## EXERCISE
Transcribe, starting at the line with "L'autel et du" and ending at the line with "Page 2 of doujinshi", every line of the material below exactly, but leave out the pictures and anything outside that span.

## PROVIDED RECORDS
=== Section Start ===

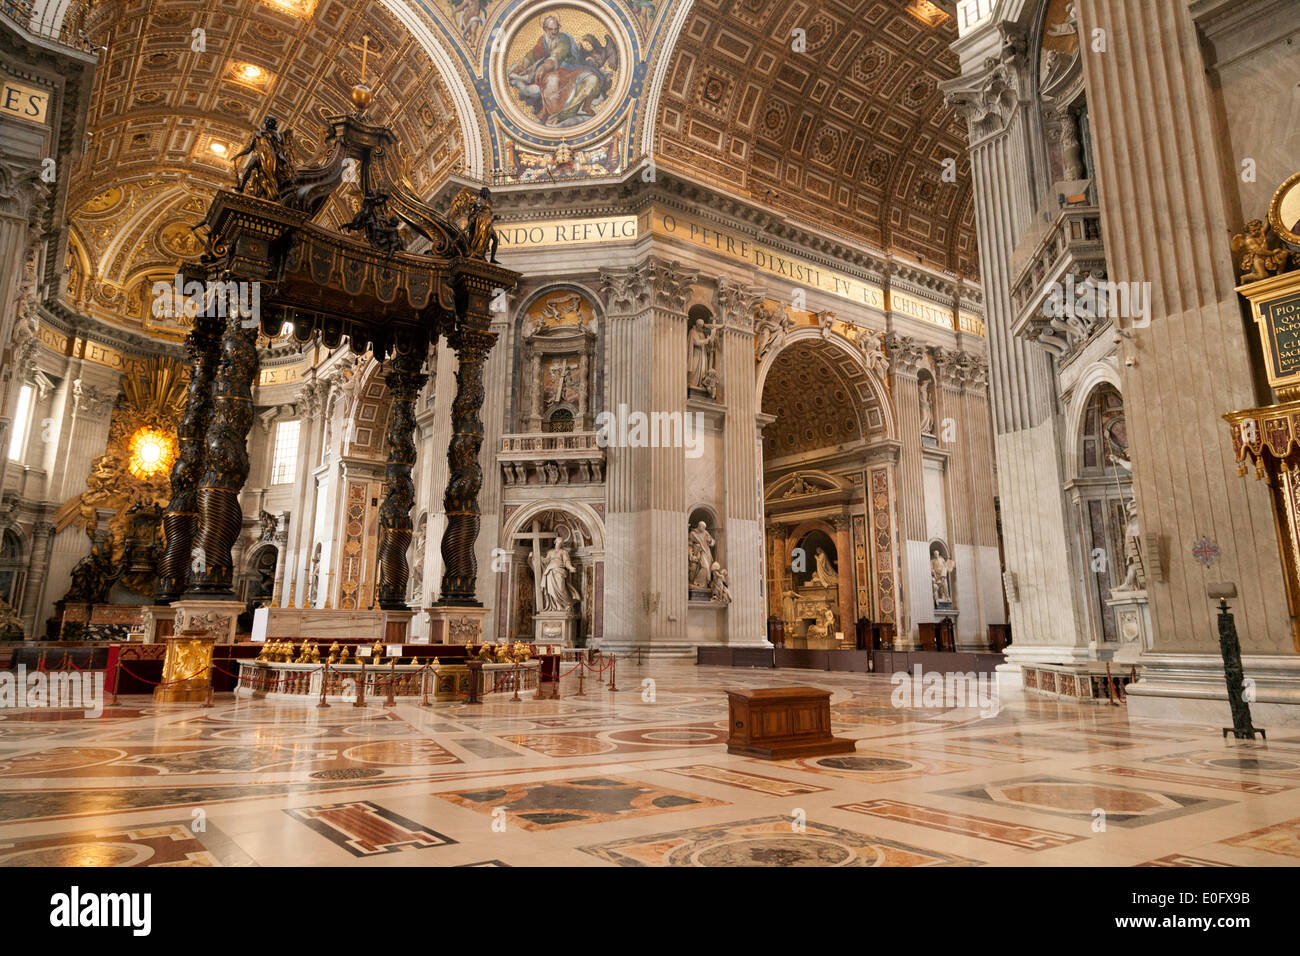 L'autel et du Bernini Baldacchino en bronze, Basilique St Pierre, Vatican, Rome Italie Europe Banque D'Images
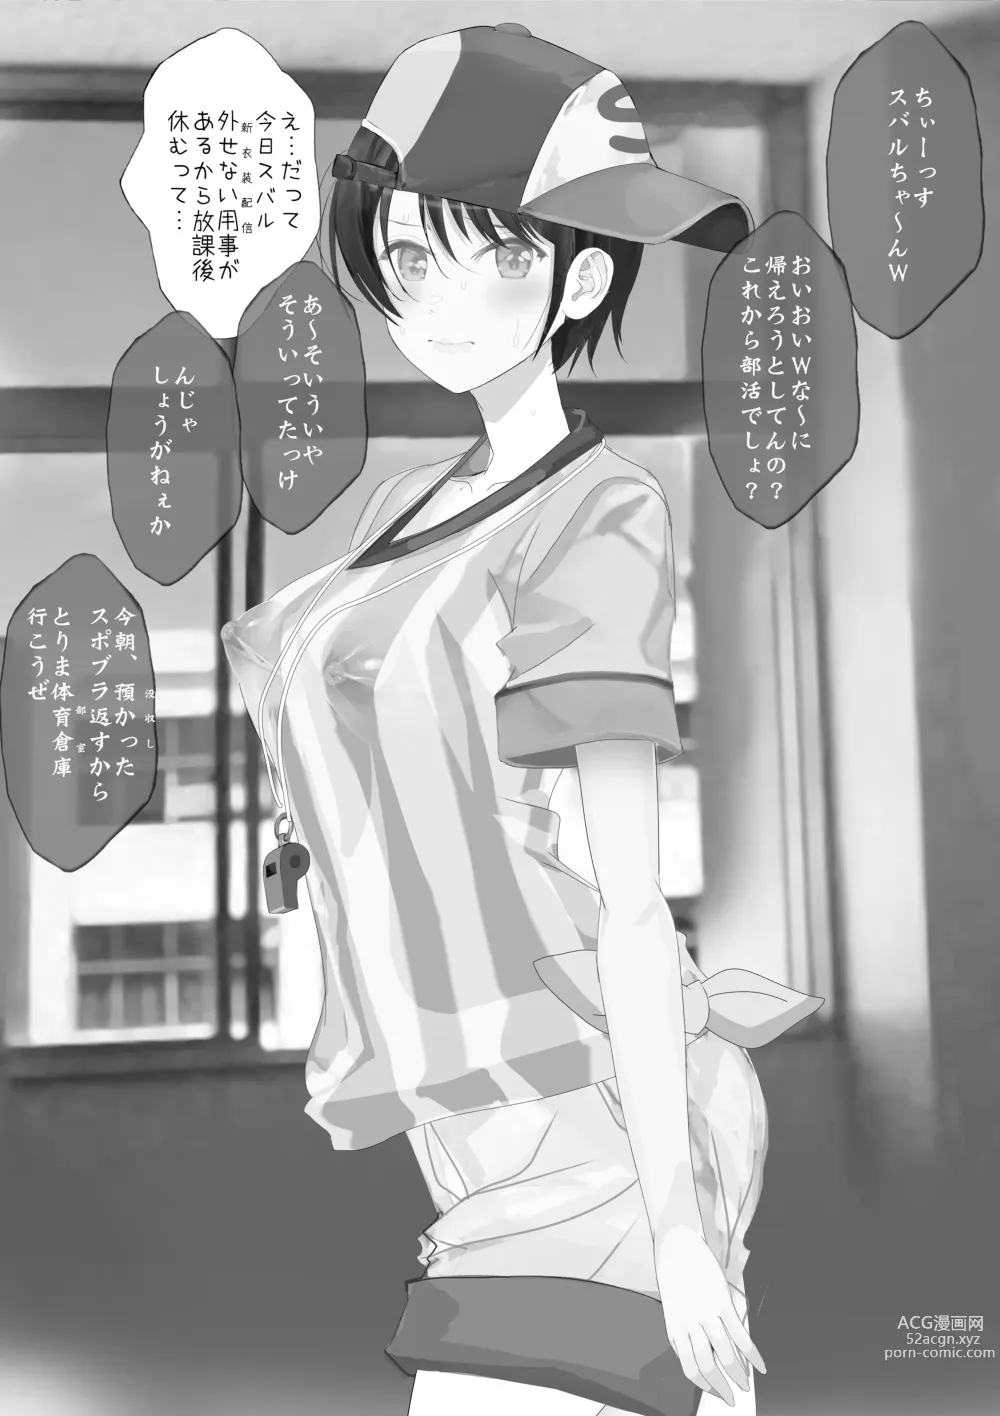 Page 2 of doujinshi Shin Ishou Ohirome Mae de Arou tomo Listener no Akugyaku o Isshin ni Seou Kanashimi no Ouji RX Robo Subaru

=== Section End ===
=== Section Start ===

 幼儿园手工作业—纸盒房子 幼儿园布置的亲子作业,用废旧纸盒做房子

=== Section End ===
=== Section Start ===

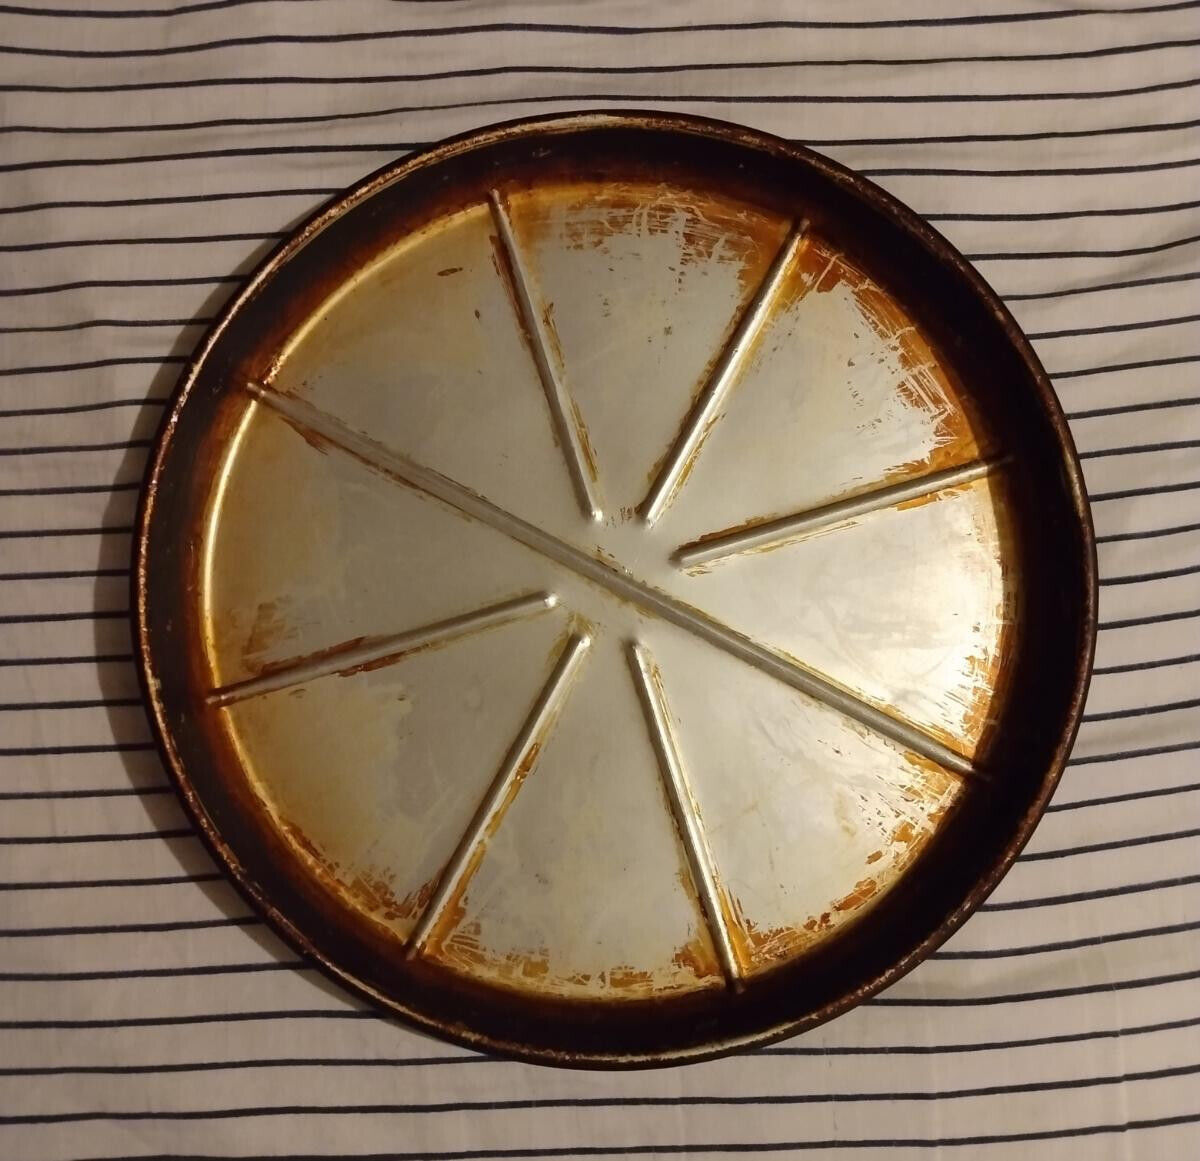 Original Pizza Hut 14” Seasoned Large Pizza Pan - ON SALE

=== Section End ===

## ANSWER SPACE
 L'autel et du Bernini Baldacchino en bronze, Basilique St Pierre, Vatican, Rome Italie Europe Banque D'Images
 Page 2 of doujinshi Shin Ishou Ohirome Mae de Arou tomo Listener no Akugyaku o Isshin ni Seou Kanashimi no Ouji RX Robo Subaru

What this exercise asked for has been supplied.